DATA EXTRACT:
..........

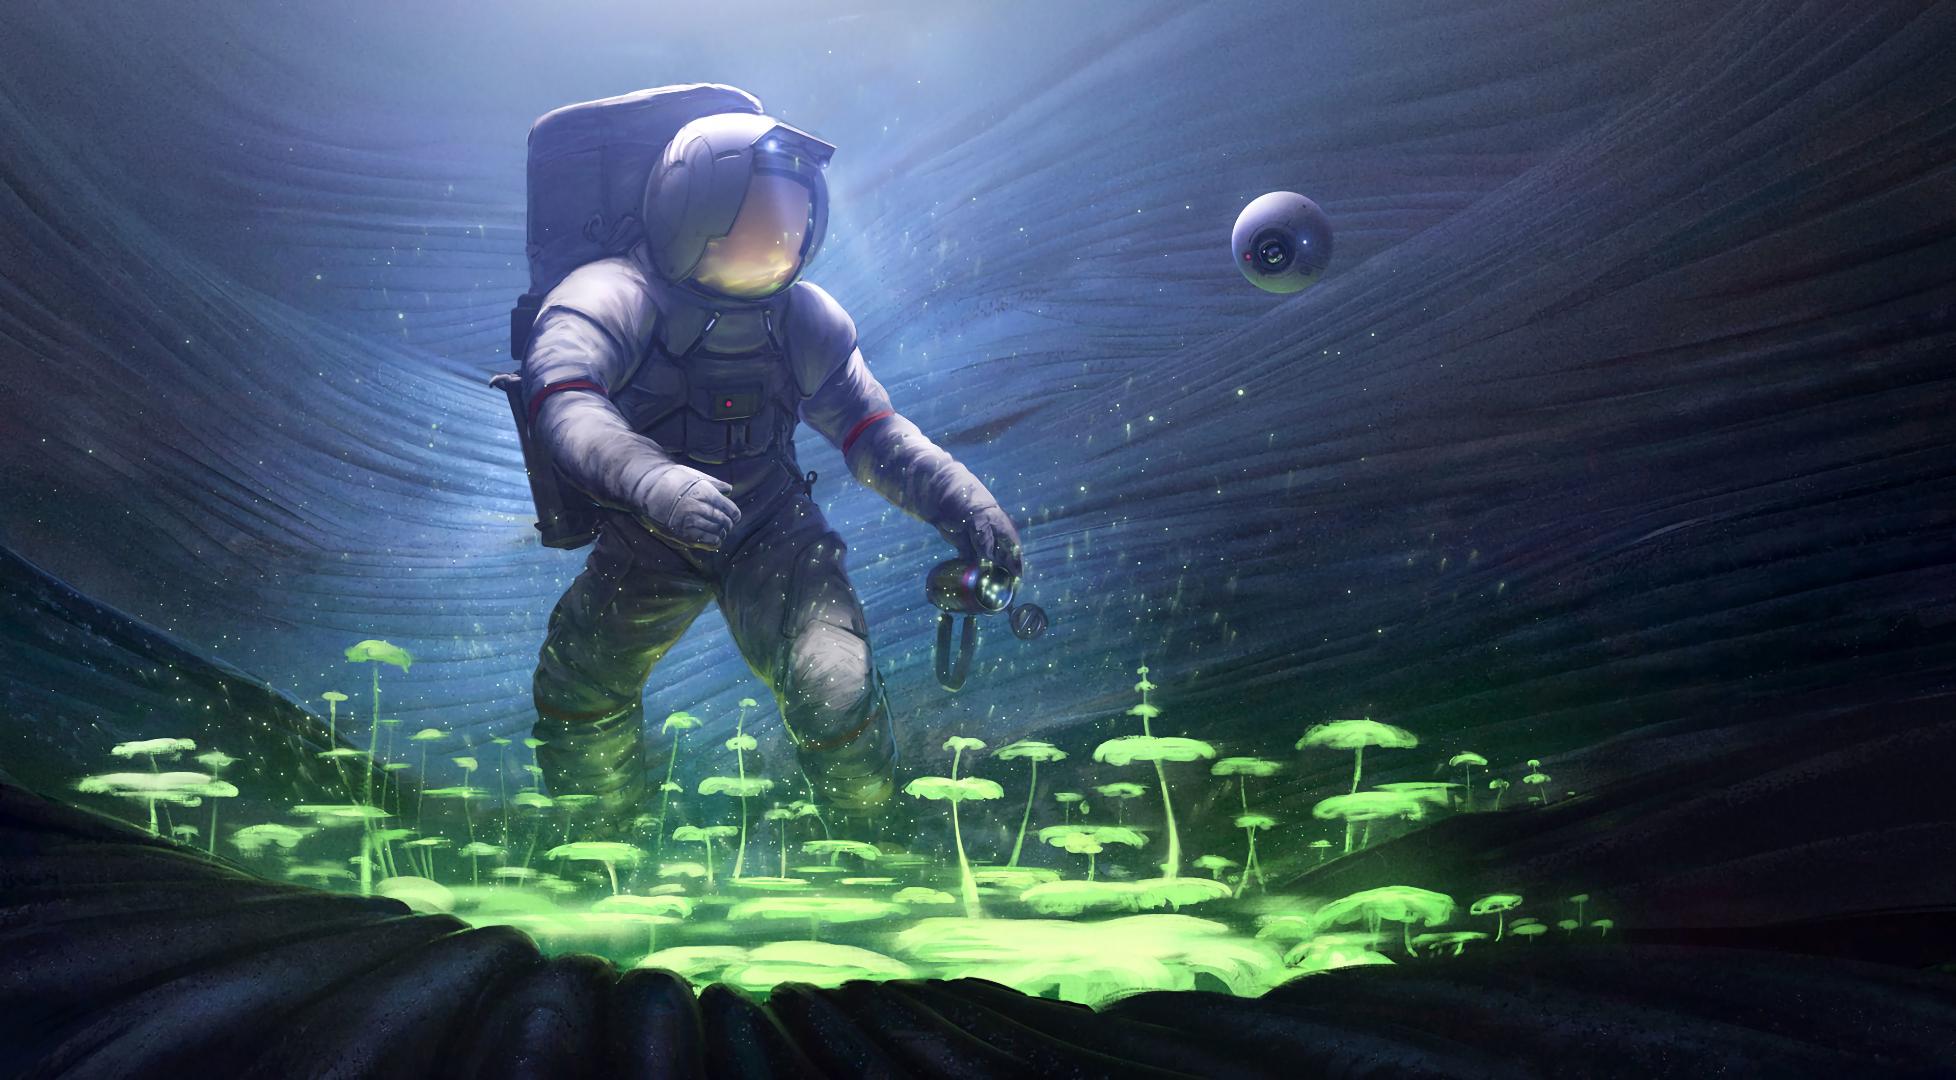 Sci Fi Astronaut 1956x1080
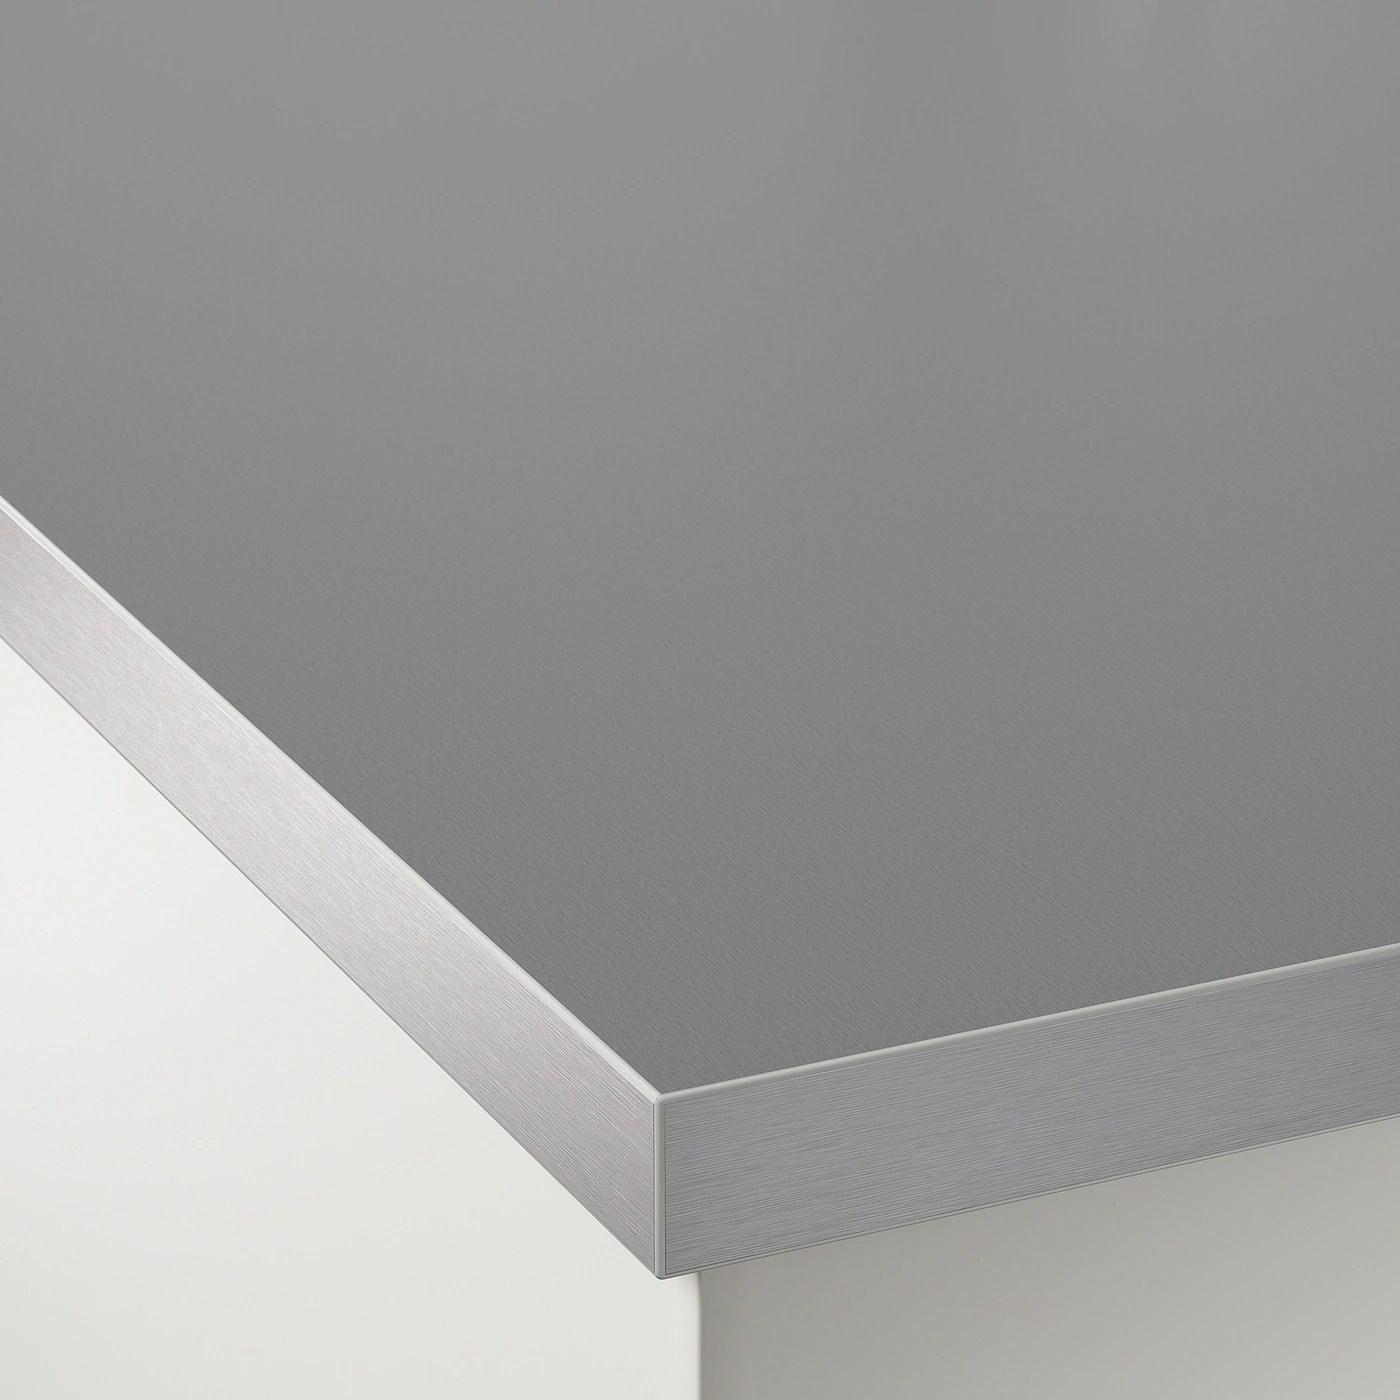 Hallestad Plan De Travail Double Face Blanc Motif Aluminium Motif Aluminium Chant Effet Metal Av Chant Effet Metal Stratifie 246x3 Ikea
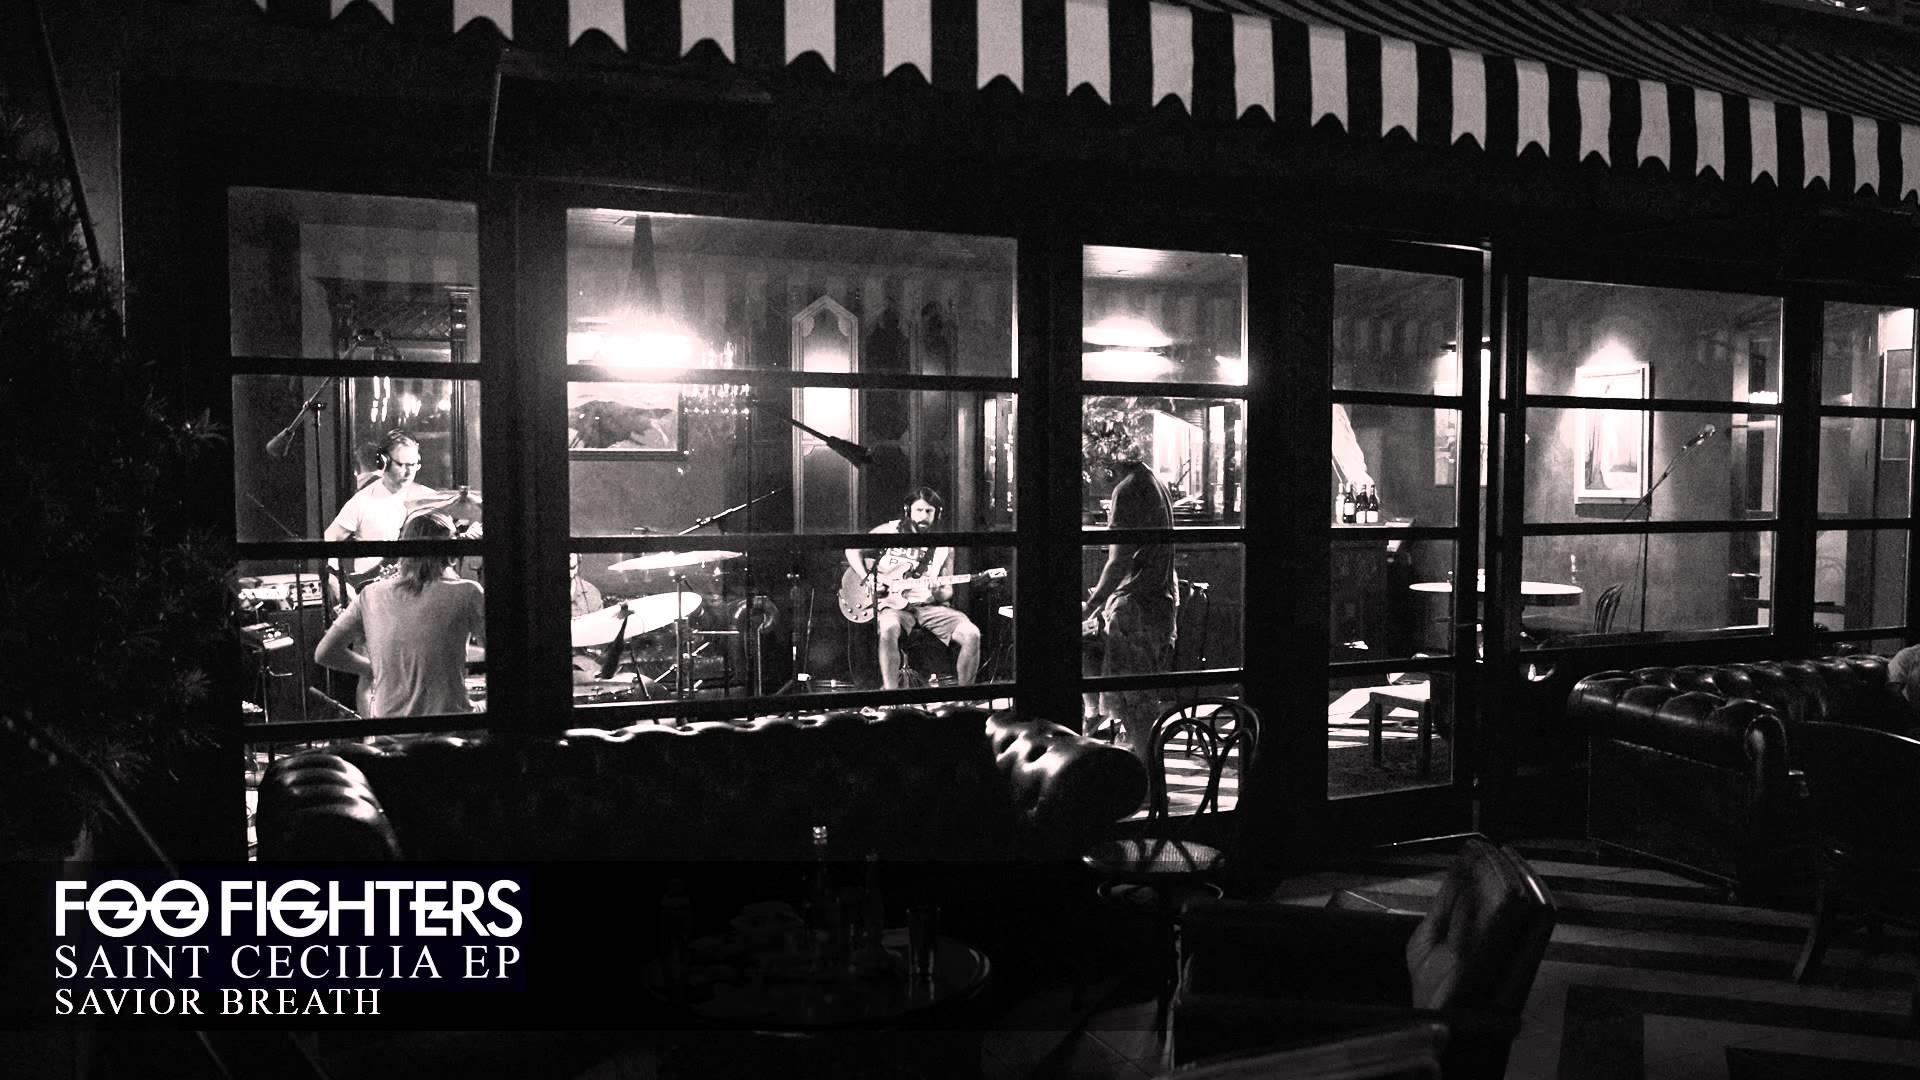 Foo Fighters - Savior Breath

..........

WORK REQUIRED:
The whole listing above, line by line, needs to be copied exactly, except for any images.

OUTPUT OF THE TASK:
 Sci Fi Astronaut 1956x1080
 Hallestad Plan De Travail Double Face Blanc Motif Aluminium Motif Aluminium Chant Effet Metal Av Chant Effet Metal Stratifie 246x3 Ikea
 Foo Fighters - Savior Breath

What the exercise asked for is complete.